A nanorobot is essentially a controllable machine at the nano meter or molecular scale and composed of nano-scale components. The field of nanorobotics studies the design, manufacturing, programming and control of the nano-scale robots constituting any passive or active nano structure capable of actuation, sensing, signaling, information processing, intelligence and having swarm behavior. In fact there are countless such machines that exist in nature and there is an opportunity to build more of them by mimicking nature.

Developments

The development in nanorobots are emerging with many aspects even for further future investigations. Basically, there are two distinct kind of nanorobot utilization, one is for the surgery intervention and the other is to monitor patients’ body. The nanorobots go along with specific controls, sensors and actuators depending on the type of biomedical applications and various research centers are building such nanorobots nowadays. Advances on diamondoid manufacturing are also being used for manufacturing nanodevices and building nanorobots. Due to the modern scientific capabilities, it has become easy for the scientists to create nanorobotic devices and interface them with the macro world for control.

Manufacturing

The nanorobots are invisible to naked eye and hard to manipulate and work with. Scanning Electron Microscopy (SEM) and Atomic Force Microscopy (AFM) can be employed to establish a visual and haptic interface to enable to sense the molecular structure of these nano scaled devices. The nanorobots or nano machine components are difficult to fabricate and control challenges. Such devices have to operate in microenvironments with physical properties different from those encountered by conventional parts.

Molecular machines

Molecular machines use various biological elements whose function at the cellular level creates motion, force or a signal as machine components and these components perform their preprogrammed biological function in response to the specific physiochemical stimuli but in an artificial setting. In this way proteins and DNA could act as motors, mechanical joints, transmission elements, or sensors. If all these different components were assembled together in the proper proportion and orientation they would form nano devices with multiple degrees of freedom, able to apply forces and manipulate objects in the nanoscale world.

Applications

The nanorobots can be used to manipulate matter at the nano scale. Other applications range from medical to environmental sensing to space and military applications. Nanorobots can find application in molecular construction of complex devices, precise drug delivery to repair cells and fight tumor cells.

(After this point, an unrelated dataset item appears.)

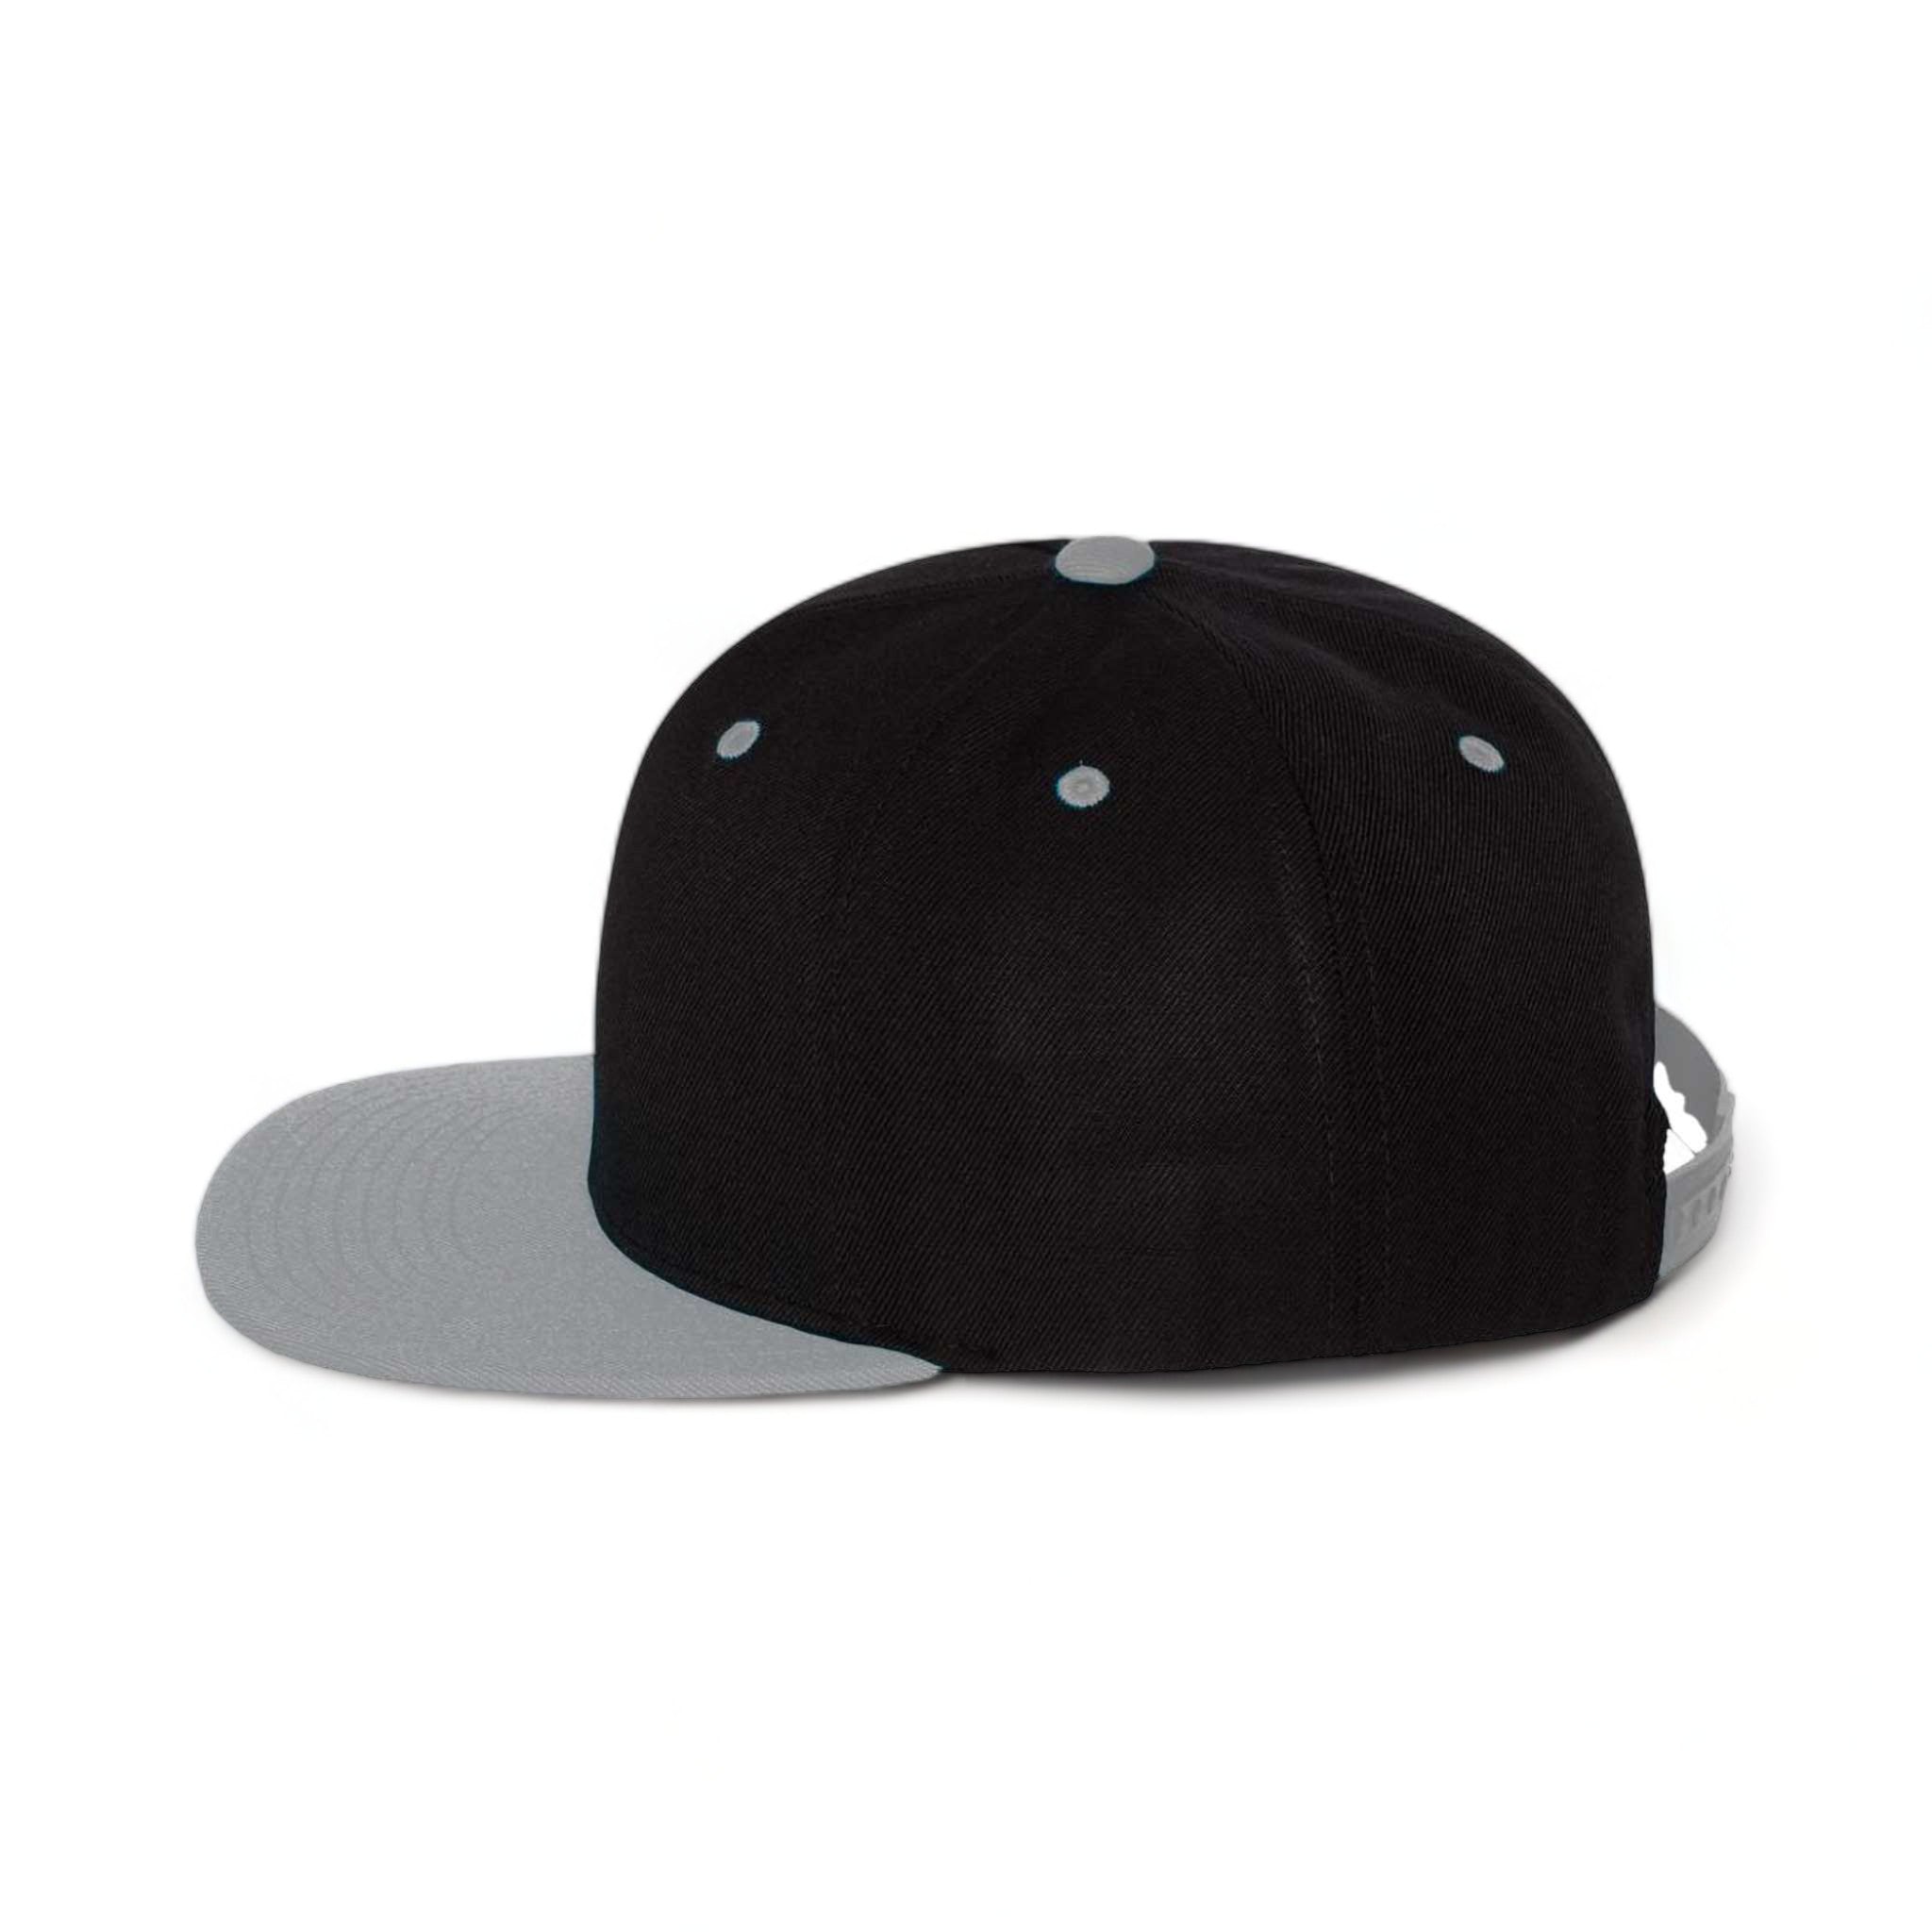 Side view of YP Classics 6089M custom hat in black and silver

Control of Nanorobotic systems

The nano robotic systems can be controlled either internally or externally or as a hybrid control.

Internal Control

This is a traditional method. This type of control depends upon the mechanism of bio chemical sensing and selective binding of various bio molecules with various other elements. These molecules can be programmed for a particular kind of molecular interaction. The question of actively controlling the nanorobots using internal control mechanism is a difficult one. For achieving this internal control, the concept of molecular computers could be utilized to analyze the biological information, which could detect and treat cancer by producing a drug. This molecular computer is in generalized form and can be used for any disease which produces a particular pattern of gene expression related to it.

External Control

This type of control mechanism affects the dynamics of the nanorobot in its work environment through the application of external potential fields such as MRI for guiding the nano particles. MRI system is capable of generating variable magnetic field gradients which can exert force on the nanorobot in the three dimensions and hence control its movement and orientation. Other possibilities being explored are in the category of ‘hybrid’ control mechanisms where the target is located and fixed by an external navigational system but the behavior of the nanorobot is determined locally through an active internal control mechanism.